The best of both worlds: building R / Python pipelines for biomedical LLM semantic search apps
Is hallucinations a fundamental limitation of large language models (LLMs) ? At the CELEHS laboratory, we are curious about the answer, but in the meantime, we often use LLM-based embeddings instead of generative artificial intelligence (AI) to help us in our analyses. In clinical and biomedical settings, one hallucination may be enough to trigger a catastrophic failure, and this is why we are particularly interested by LLM-based embeddings as BGE and BERT, which enable us to compute cosine similarities between a query and elements of our databases, thus making sure our results will not suffer from hallucinations. One example of how we use them is to suggest variables of interest to a specific study, for example if a clinician studies bipolar disease, we would suggest to have a look at the use of lithium, which is an often used medication.
As the number of embeddings models increases, we want to have methods to compare the clinical usefulness of these models. In our case, we found that BGE embeddings had very satisfying performance although showed some limitations, e.g. relating schizophrenia to leukemia and bacteria. Another promising model for clinicial use is SAPBERT, which however focuses more on identifying synonyms, while BGE focuses more on "relatedness" (as the relationship between a disease and a medication).
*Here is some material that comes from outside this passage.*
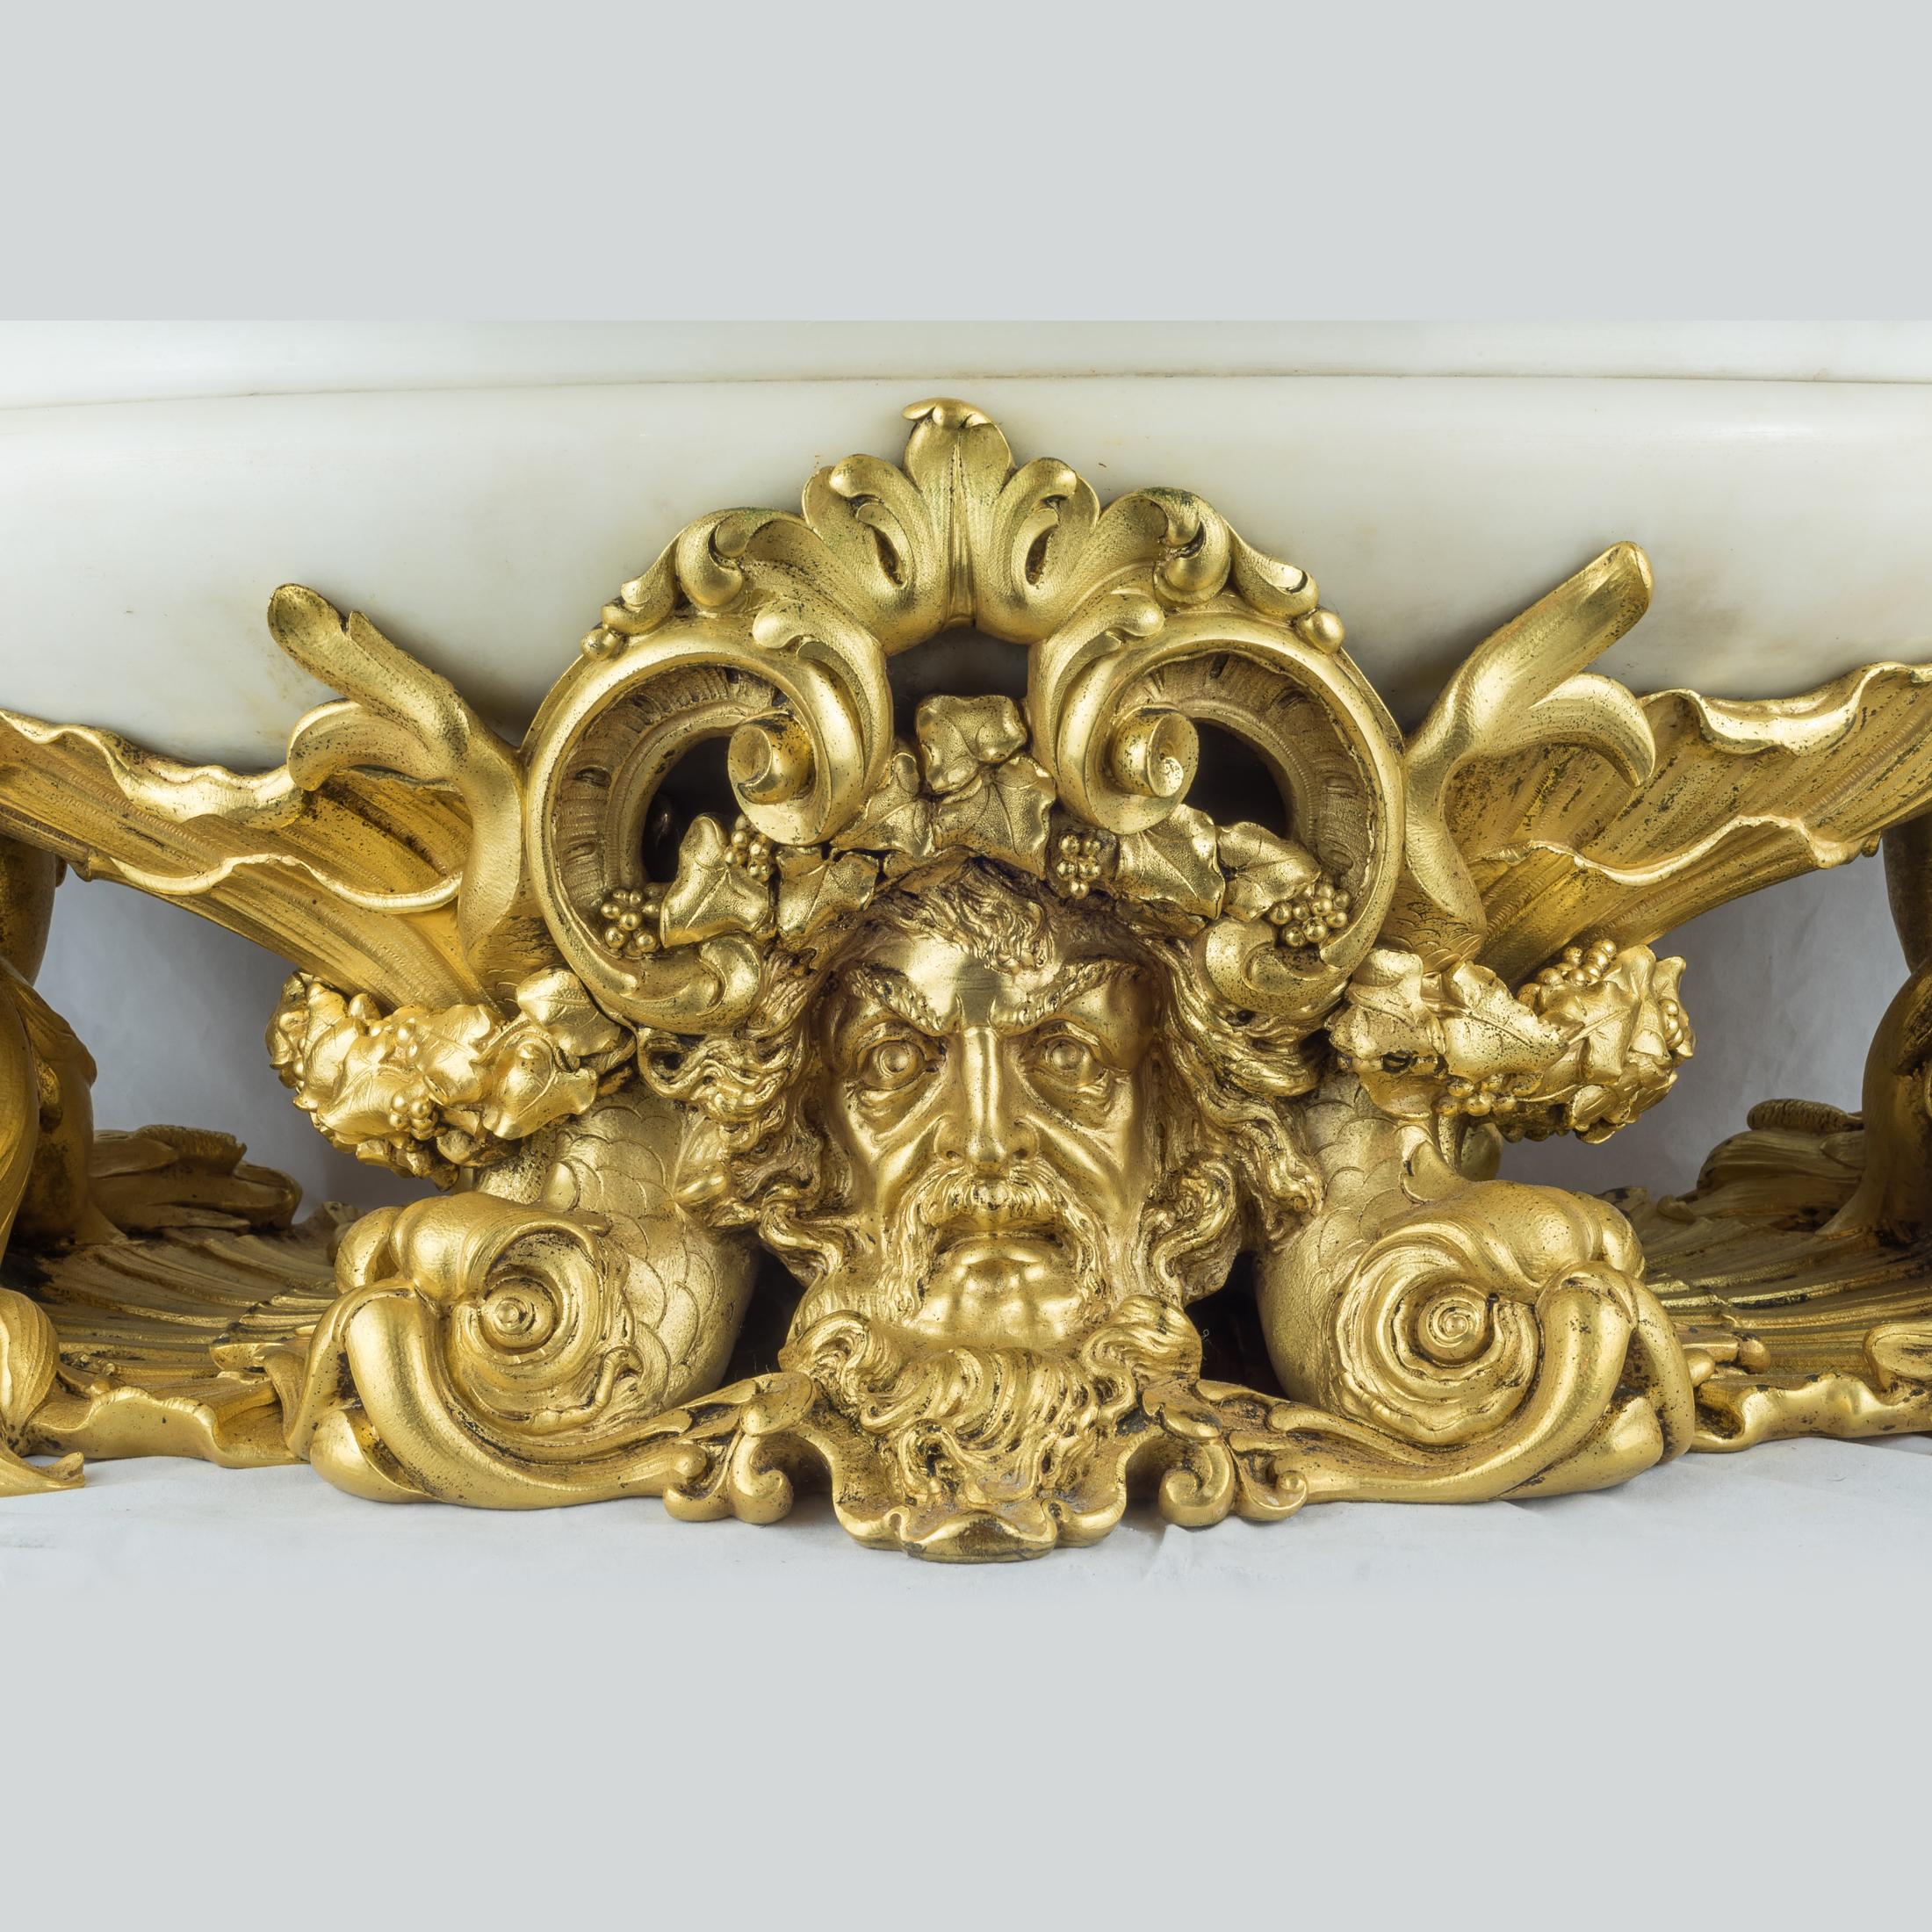 Carved Magnificent Large Caldwell & Co. Ormolu and White Marble Centerpiece

The question that thus arises is, how can we efficiently compare BGE and SAPBERT ? We have clinician-curated databases that compile "known pairs", i.e. two concepts that are related. These known pairs can be synonyms, parent-child relationships (e.g. bipolar disorder "is a" mental health disorder), or relatedness (e.g. lithium "may treat" bipolar disorder). These known pairs can function as "true positives" with which we can compute area under the operating curve (AUC) and positive predictive value (PPV) performance scores. However, depending on the clinical study, we might in one case want to prefer finding synonyms, and in another related terms.
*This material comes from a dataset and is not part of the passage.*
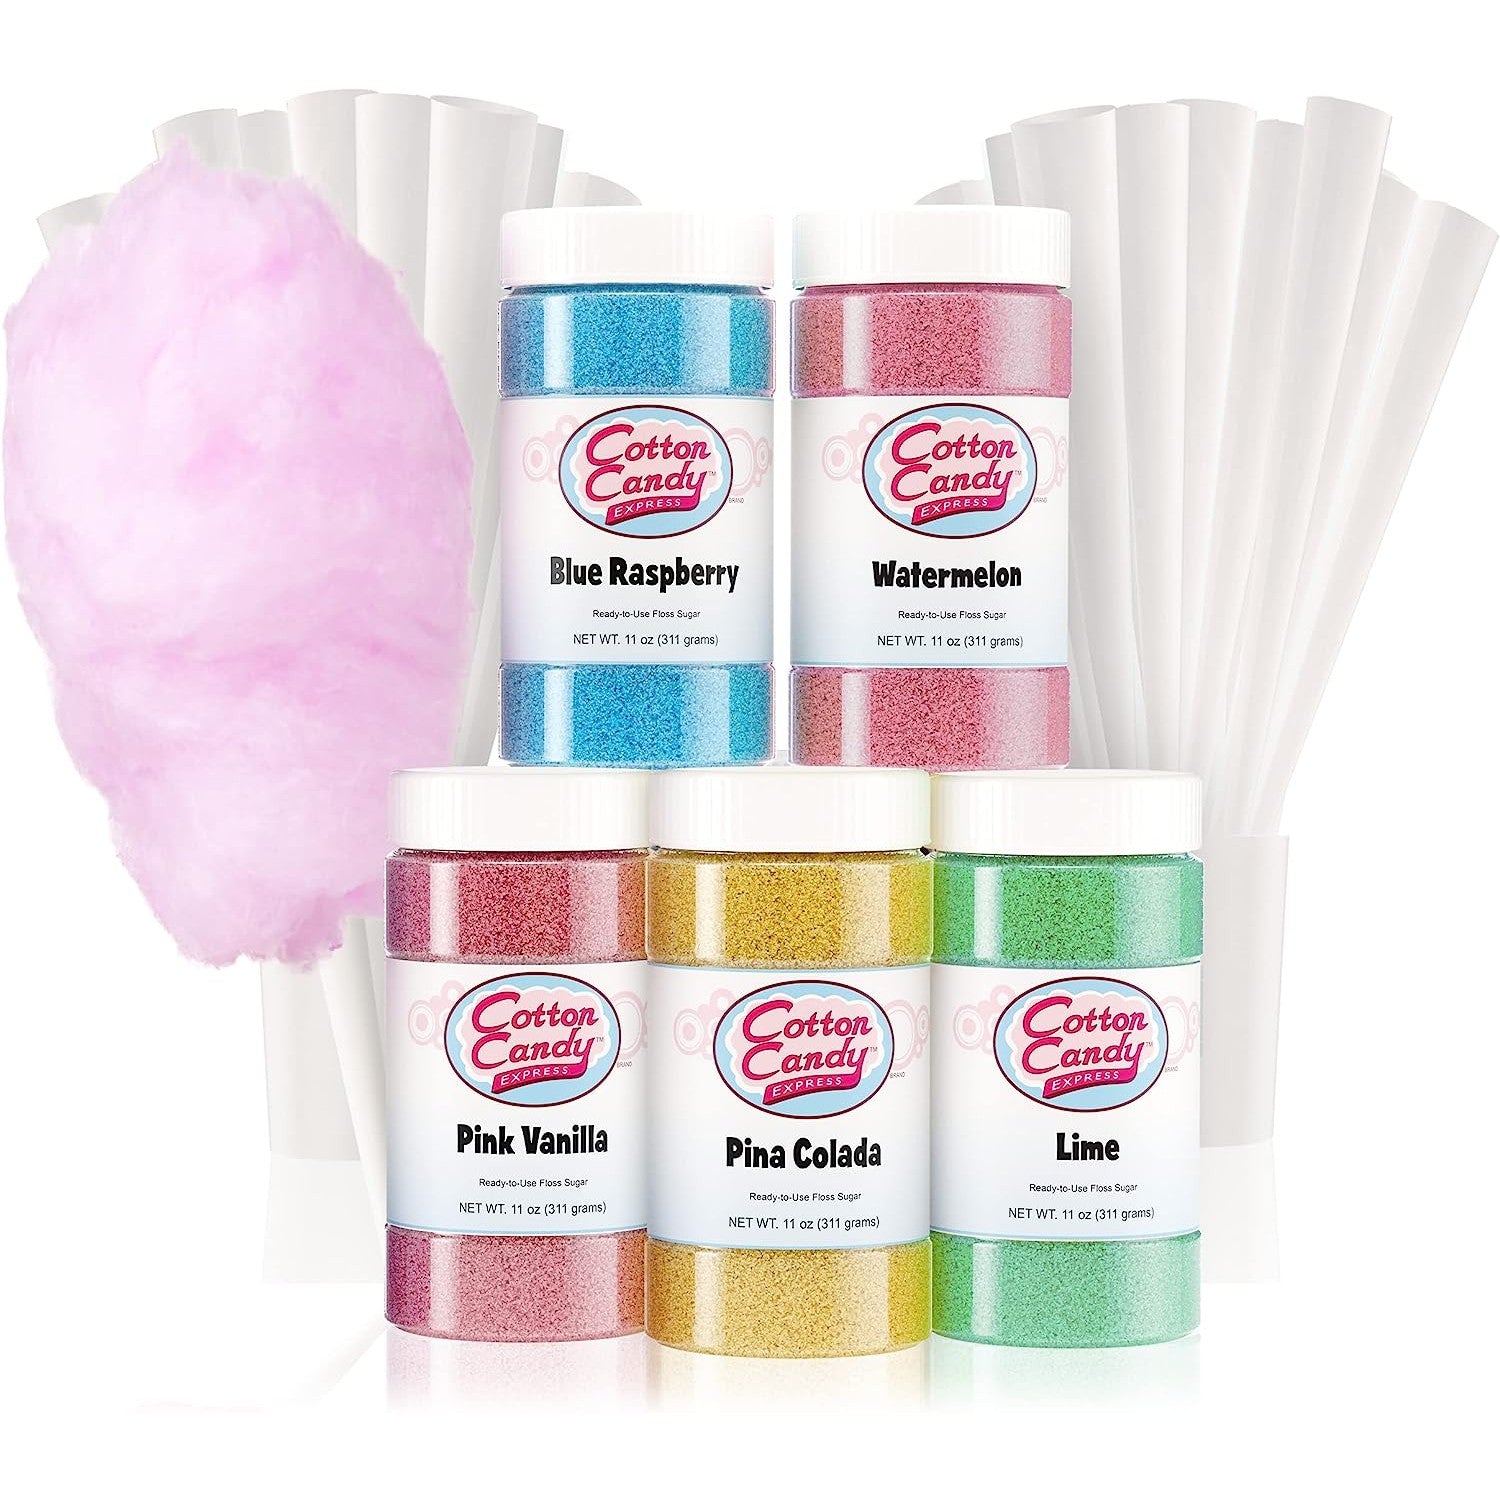 A cotton candy sugar variety pack.

These reasons are why we have built R / Python pipelines for biomedical LLM semantic search apps, leveraging Python's GPU indexing capabilities, while using R for data management and evaluation purposes. While some R packages exist to leverage GPU capabilities, Pytorch is by far more used for these purposes, which brings with it more stability and optimizations. On the other hand, R is well-known to be very efficient for data management, evaluation and visualization, thanks in part to its large network of collaborating researchers. How should one go about to build reproducible and trustworthy pipelines incorporating the best of both worlds ? My answer is well-designed pipelines with Docker and Makefile.
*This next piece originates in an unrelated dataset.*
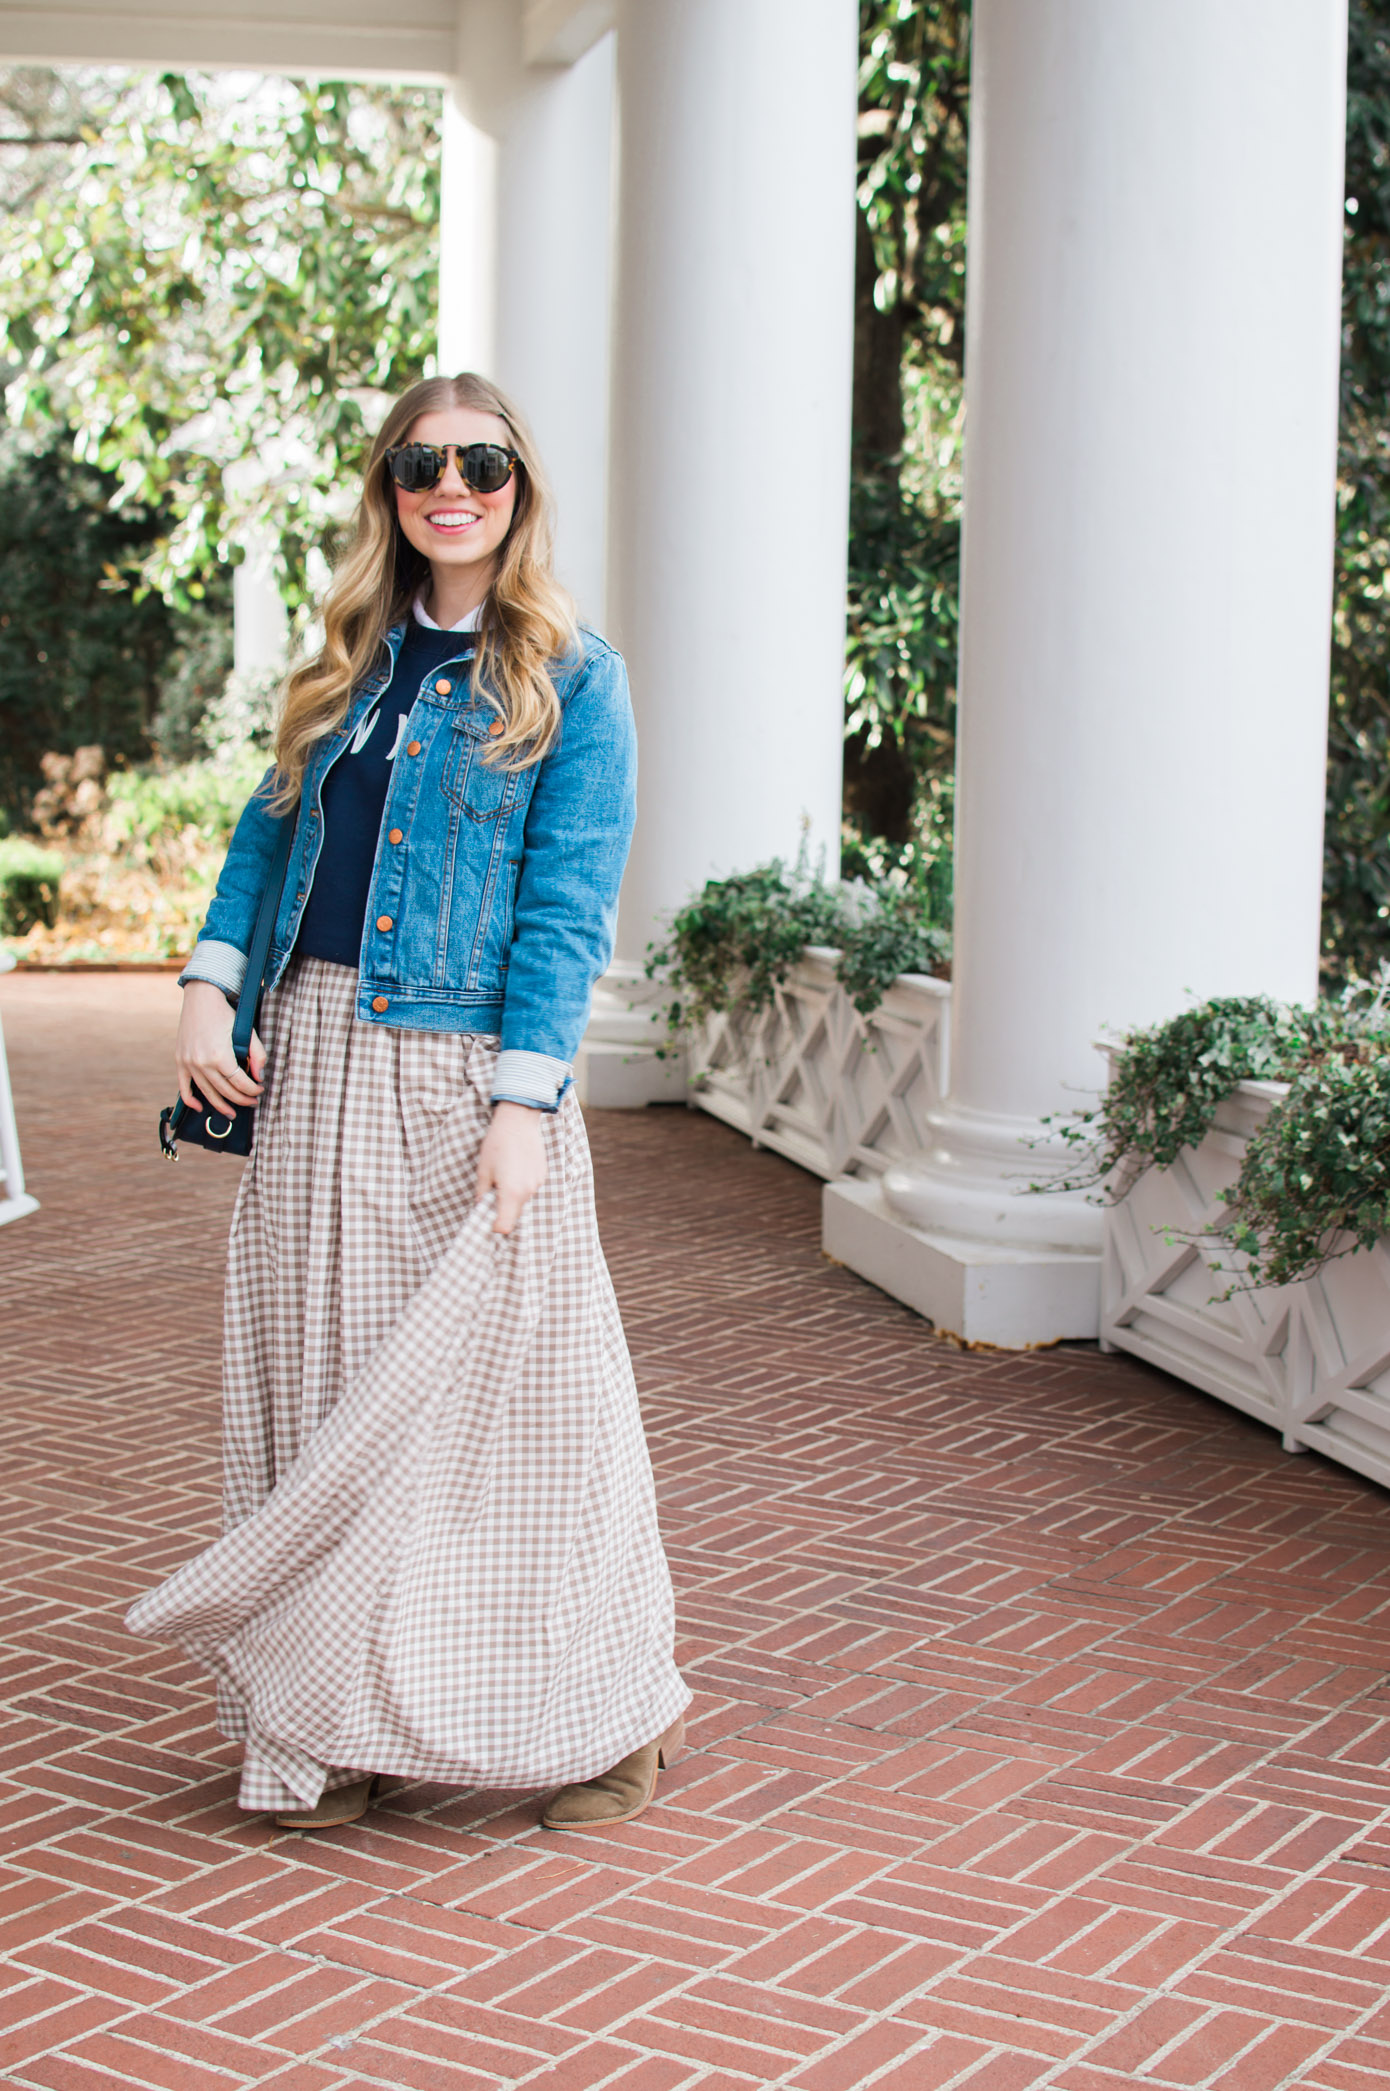 How to Rock the Denim Maxi Skirt Trend - PureWow

In this talk I will show my design approaches on how to build such pipelines. While R and Python both have capabilities to natively interact with each other, building Docker images that can run both a R/Shiny server and Pytorch CUDA can prove challenging. Thus I chose to isolate the two environments, each one relying on an independent Docker image, and having an Elasticsearch database as the intermediary. The evaluation database (i.e. the known pairs acting as true positives) is first built and written using R, then Python reads the output and indexes it in the Elasticsearch database, and finally R is spun up again to read the indexed embeddings from the Elasticsearch database and evaluate the performance. Docker Compose enables to have each R and Python environments communicate seamlessly with the Elasticsearch image, and Makefile is used to order sequentially the components. With this approach, we can easily update any component when needed, as well as index the database on a GPU-capable machine before exporting the indexed database to a non-GPU online server as Amazon Web Services.
As the number of embeddings models increases, we will probably soon need to distinguish the best models for specific tasks, as finding synonyms or related pairs, and these case-by-case cross-examined studies can be efficiently implemented with R's capabilities, while Python can perform the GPU-related computations without needing to reimplement all the optimizations in R. To me, the future of open source AI and applied science will leverage a broad spectrum of capabilities, and a core question will be how to make these different environments communicate seamlessly while making them robust, isolated, and reproducible. In this talk I would like to showcase my own design approaches to such challenges.